In 1982, following the retirement of Democratic State Representative Terry O'Malley, Effman ran to succeed him in the 90th District, and resigned from his seat on the City Commission. However, he was defeated in the Democratic primary by attorney Peter Deutsch, who won the general election.

After Sunrise City Commissioner John Montgomery was convicted of extortion and tax evasion and removed from office by Governor Bob Graham in 1985, Effman won the 1986 special election to succeed him, and returned to the City Commission. He was re-elected in 1987 and 1991.

Effman ran for Mayor of Sunrise in 1993, and faced former Mayor John Lomelo, who was previously convicted of conspiracy to commit extortion. Effman defeated Lomelo in a landslide.

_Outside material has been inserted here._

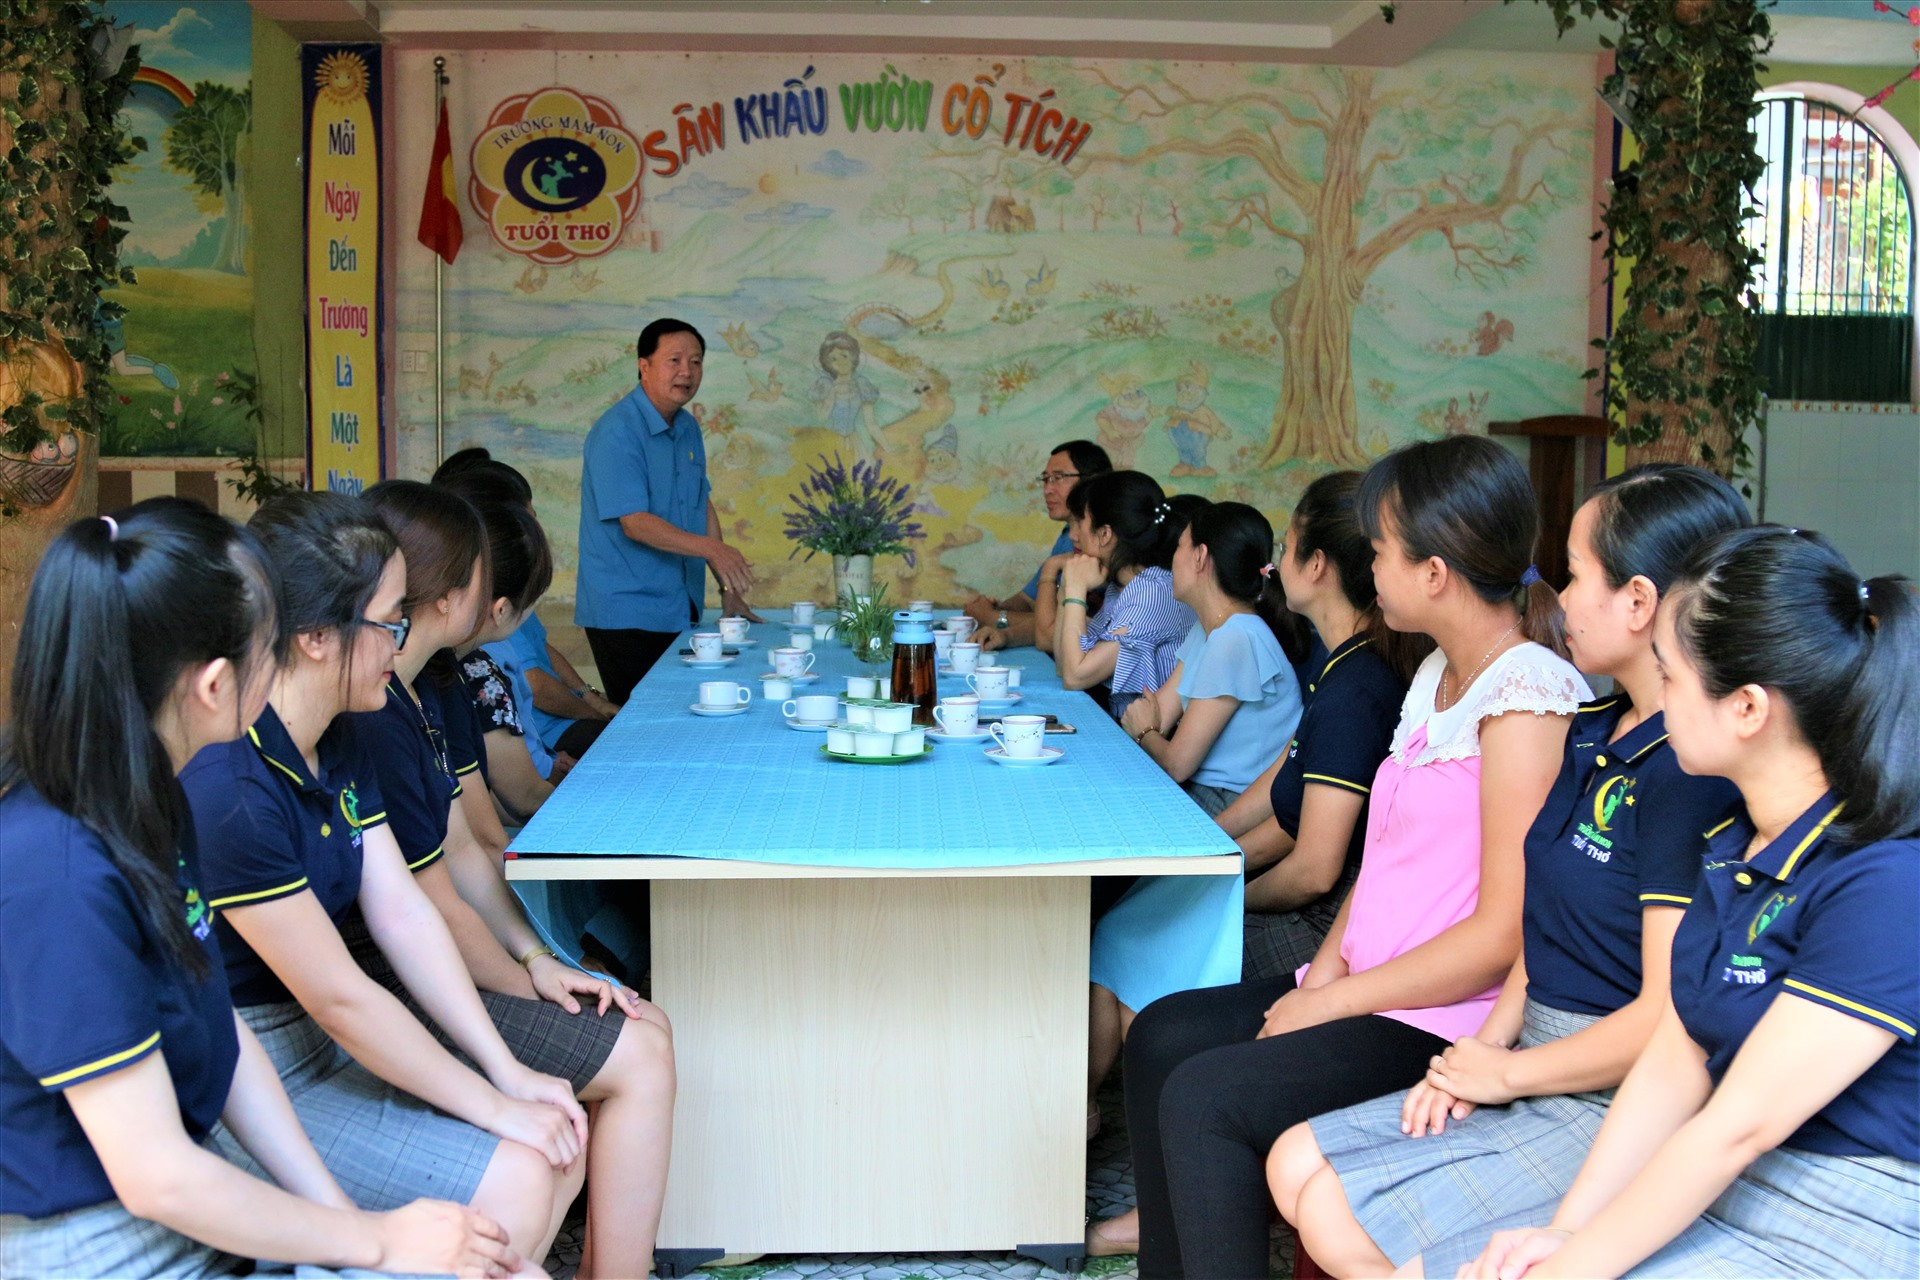 Quang cảnh buổi thăm hỏi, trao quà của đoàn công tác của LĐLĐ tỉnh Gia Lai ở trường mầm non tư thục Tuổi Thơ. Ảnh: Bảo Trung

==Florida House of Representatives==
In 1996, incumbent Democratic State Representative Steven Feren opted to run for the State Senate rather than seek re-election, and Effman ran to succeed him in the 98th District; he was elected unopposed. Effman was re-elected in 1998 without opposition.

Effman declined to seek re-election to a third term in 2000. Earlier in the year, news broke that Effman had engaged in a sexual relationship with a woman he represented in a divorce case and entered into a confidential settlement to pay her $150,000. Following Effman's announcement that he would not seek re-election, two other former clients alleged that Effman had entered into sexual relationships with them.

After finding that Effman had engaged in three sexual relationships with former clients, the Florida Supreme Court suspended Effman from the practice of law for 91 days, effective April 21, 2003.